This lesson explains the purpose of suspense accounts, how they are organized and the process the accountant uses to clear the transaction prior to closing the accounting cycle. Suspense accounts are a handy tool to temporarily resolve problems.
- 1 Purpose of Suspense Accounts
- 2 Organization of Suspense Accounts
- 3 Examples Using Suspense Accounts
- 4 Clearing Suspense Entries
- 5 Summary – Suspense Accounts
Purpose of Suspense Accounts
Suspense is defined as ‘mental uncertainty’. Even accountants with years of experience come across economic transactions that they just don’t have a clue how to post. To keep the flow of work moving, we temporarily place the value in a suspense account for what we feel is the correct type of account associated with the respective debit or credit. The following are the six types of accounts:
- Cost of Sales
Remember each type of account has a normal ending balance and is associated with either the balance sheet or income statement.

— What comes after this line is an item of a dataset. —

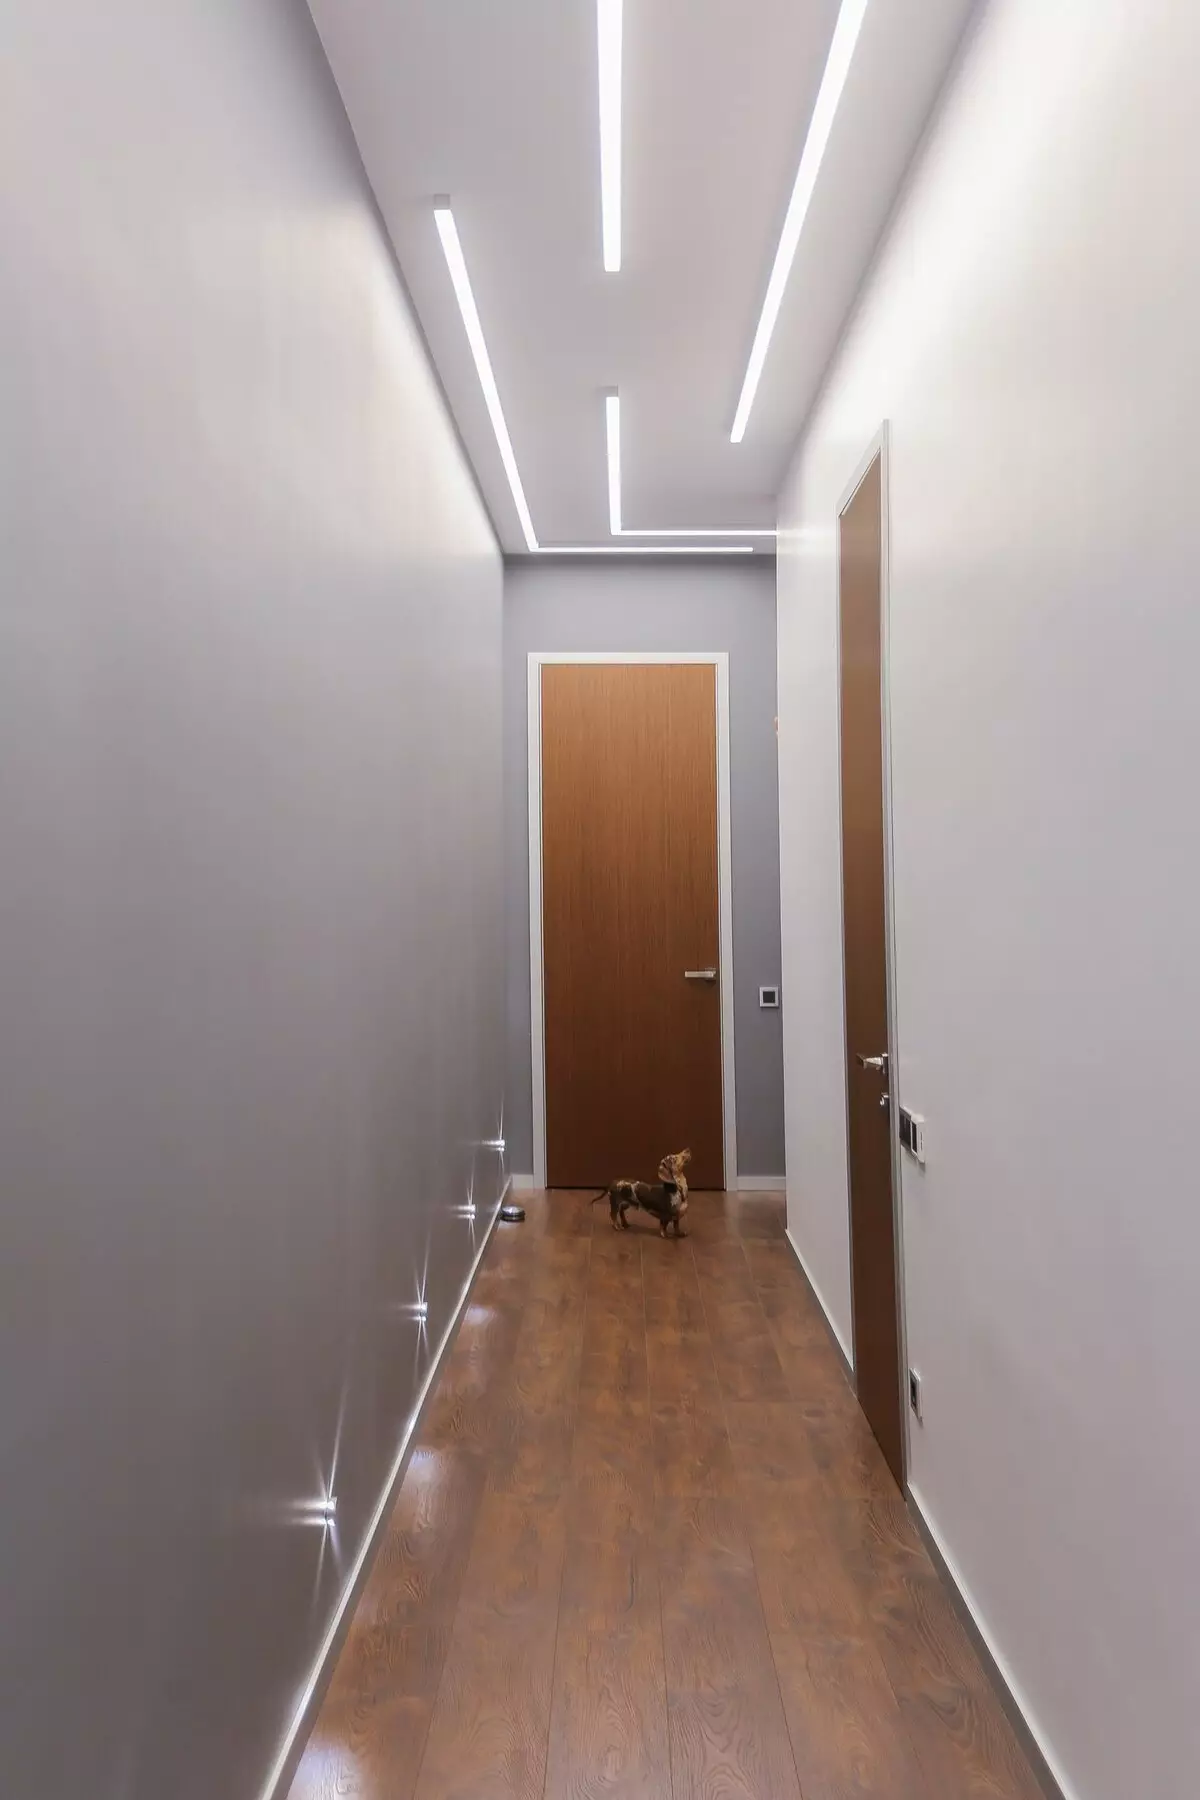 תאורה במסדרון (63 תמונות): אור במסדרון הדירה עם תקרה מתיחה, תאורה הרצפה עם חיישן תנועה תאורה לילה. איך לארגן תאורה במסדרון צר ארוך עם מסדרון? עיצוב מודרני בבית 9092_16

As an example, I once came across a transaction whereby the owner received cash for the sale of a convertible note. Well, technically he couldn’t issue convertible notes as this is considered a form of equity (a class of stock) and the company held S-Corporation status with the IRS. S-Corporation status limits the company to one class of stock. I temporarily posted the credit to the suspense account in liabilities. I discussed the matter with the owner and his legal counsel to resolve the correct form of the transaction.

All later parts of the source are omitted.